YOUR GOAL ::
Each line of the listing must be transcribed exactly, except for the images, which should be excluded.

GIVEN INFORMATION ::
- Opening Delimiter -

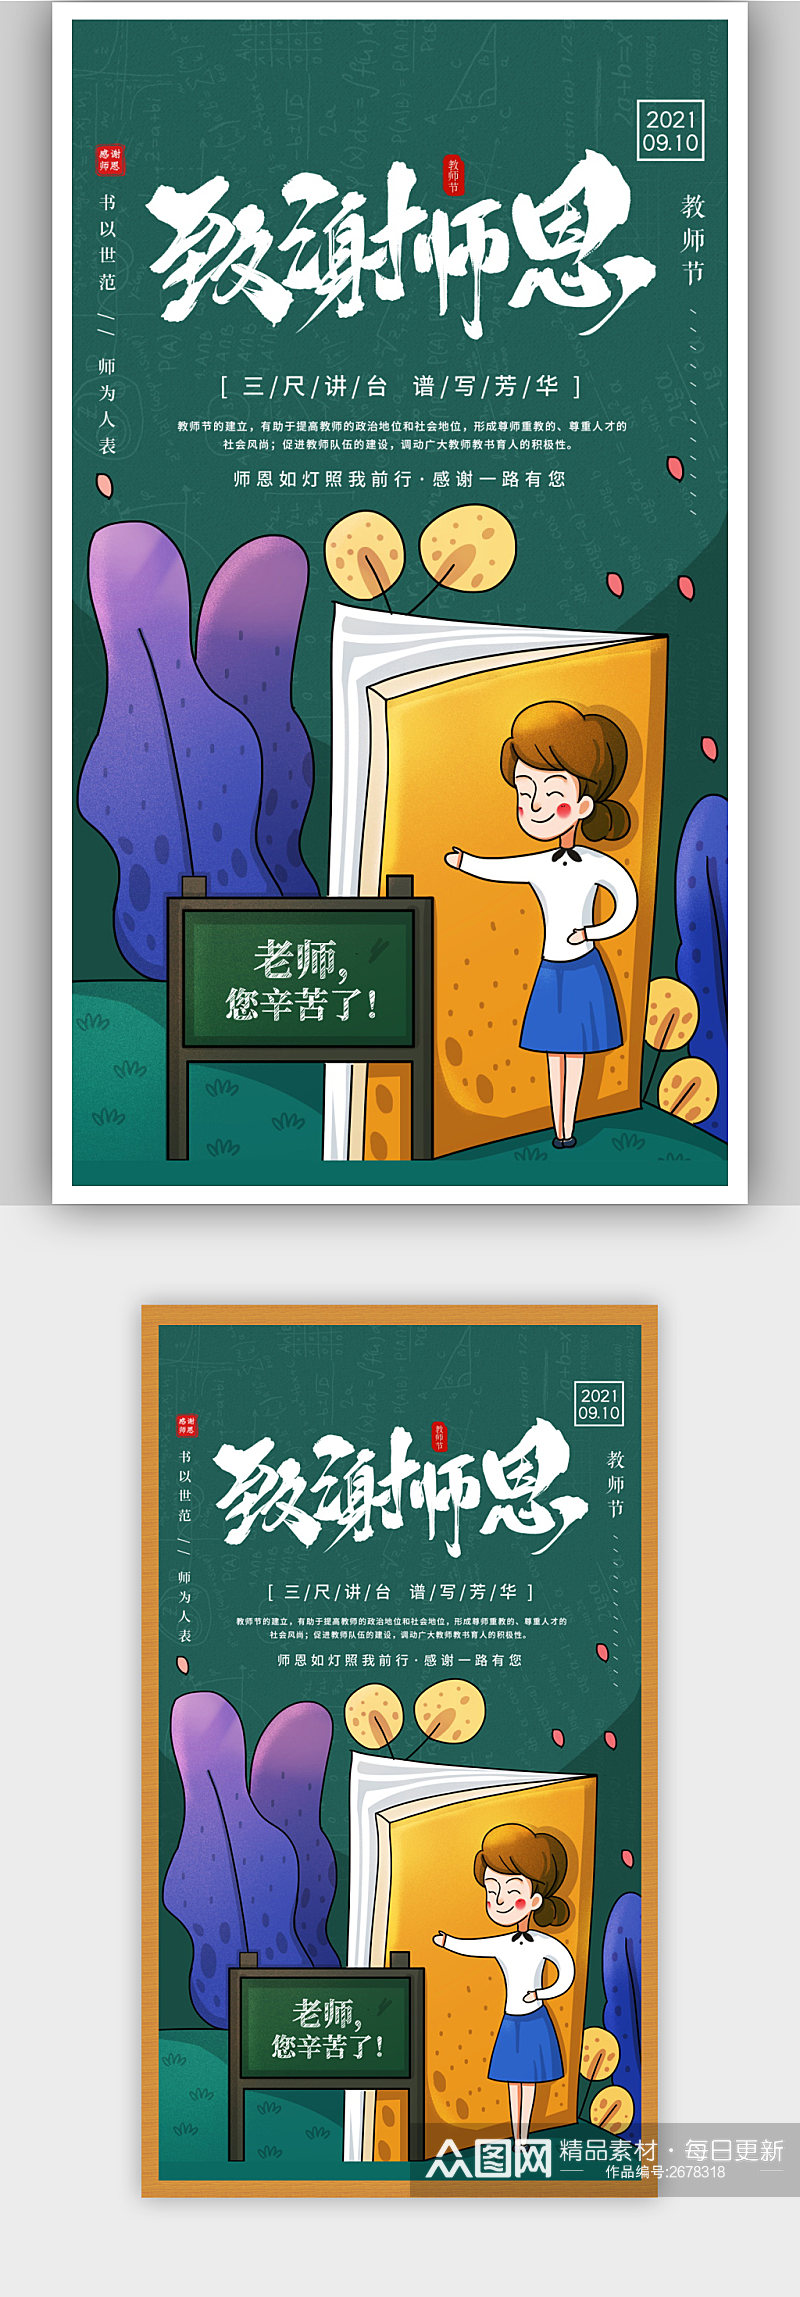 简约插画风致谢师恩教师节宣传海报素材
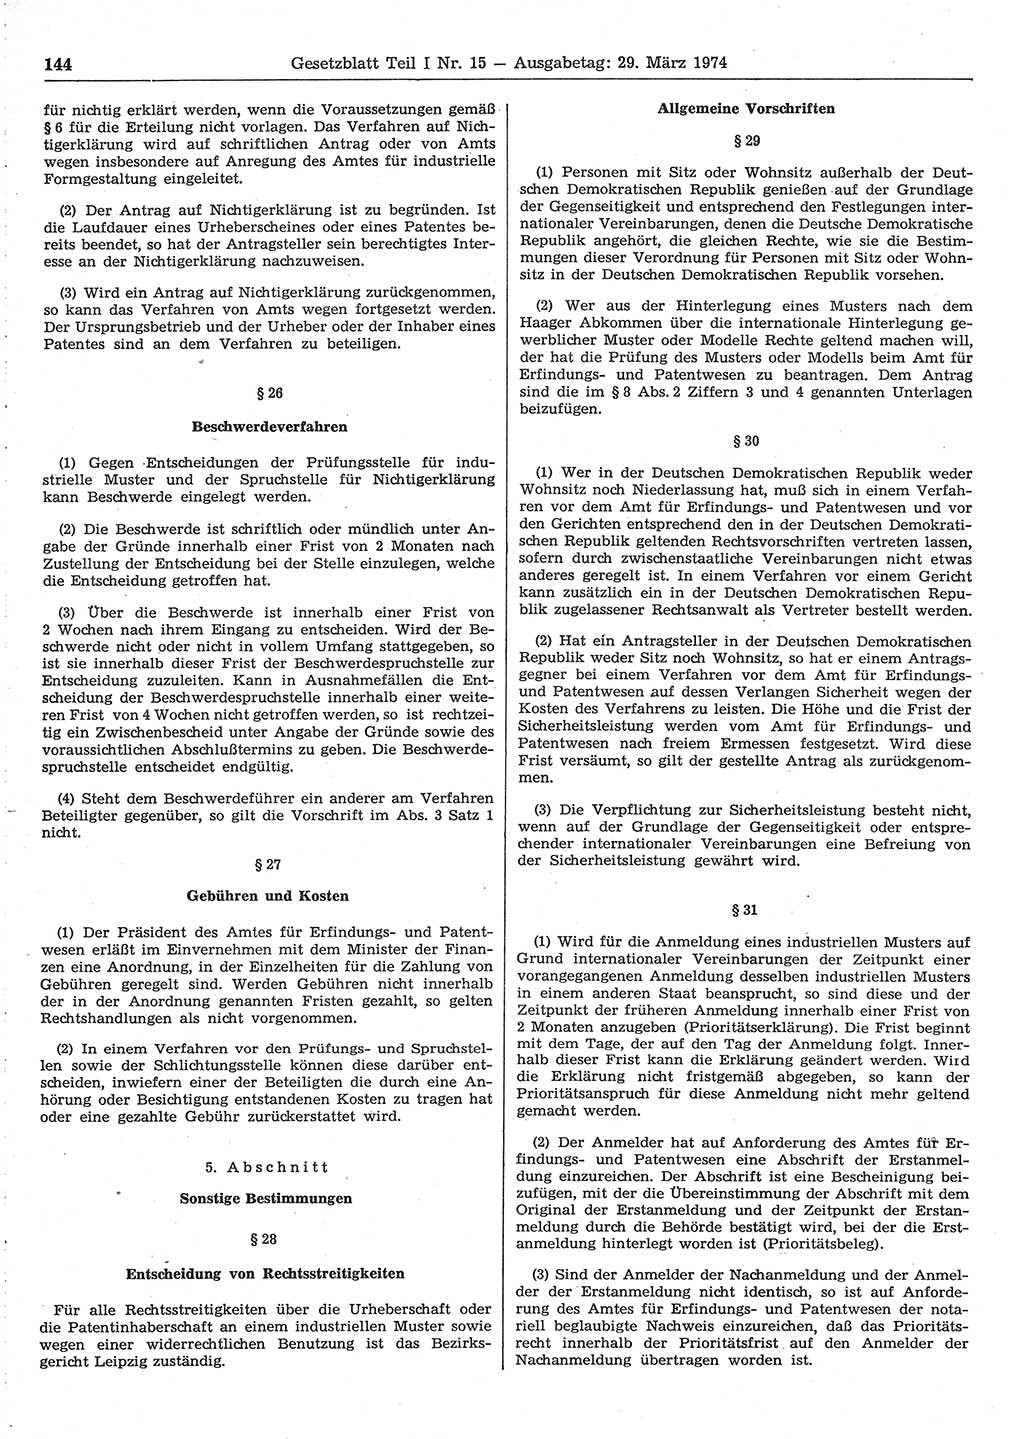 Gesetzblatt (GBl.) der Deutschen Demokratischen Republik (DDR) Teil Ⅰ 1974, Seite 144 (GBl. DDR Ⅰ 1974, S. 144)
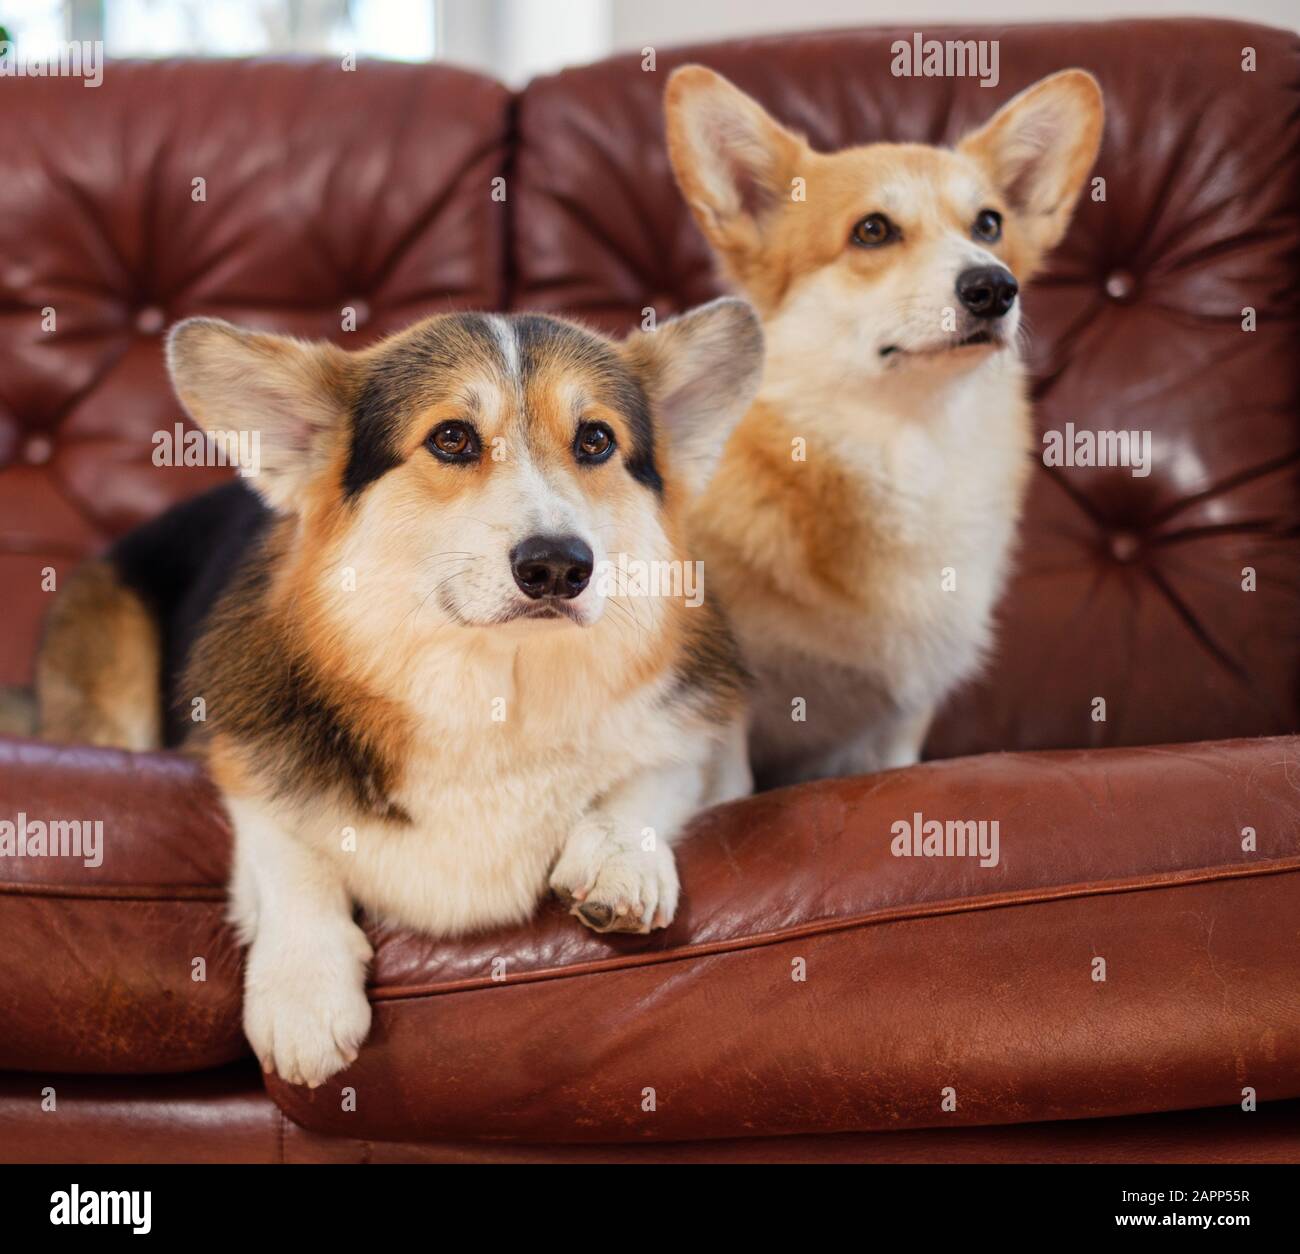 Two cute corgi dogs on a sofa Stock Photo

- Closing Delimiter -

REPLY TO THE TASK ::
 简约插画风致谢师恩教师节宣传海报素材
 Gesetzblatt (GBl.) der Deutschen Demokratischen Republik (DDR) Teil Ⅰ 1974, Seite 144 (GBl. DDR Ⅰ 1974, S. 144)
 Two cute corgi dogs on a sofa Stock Photo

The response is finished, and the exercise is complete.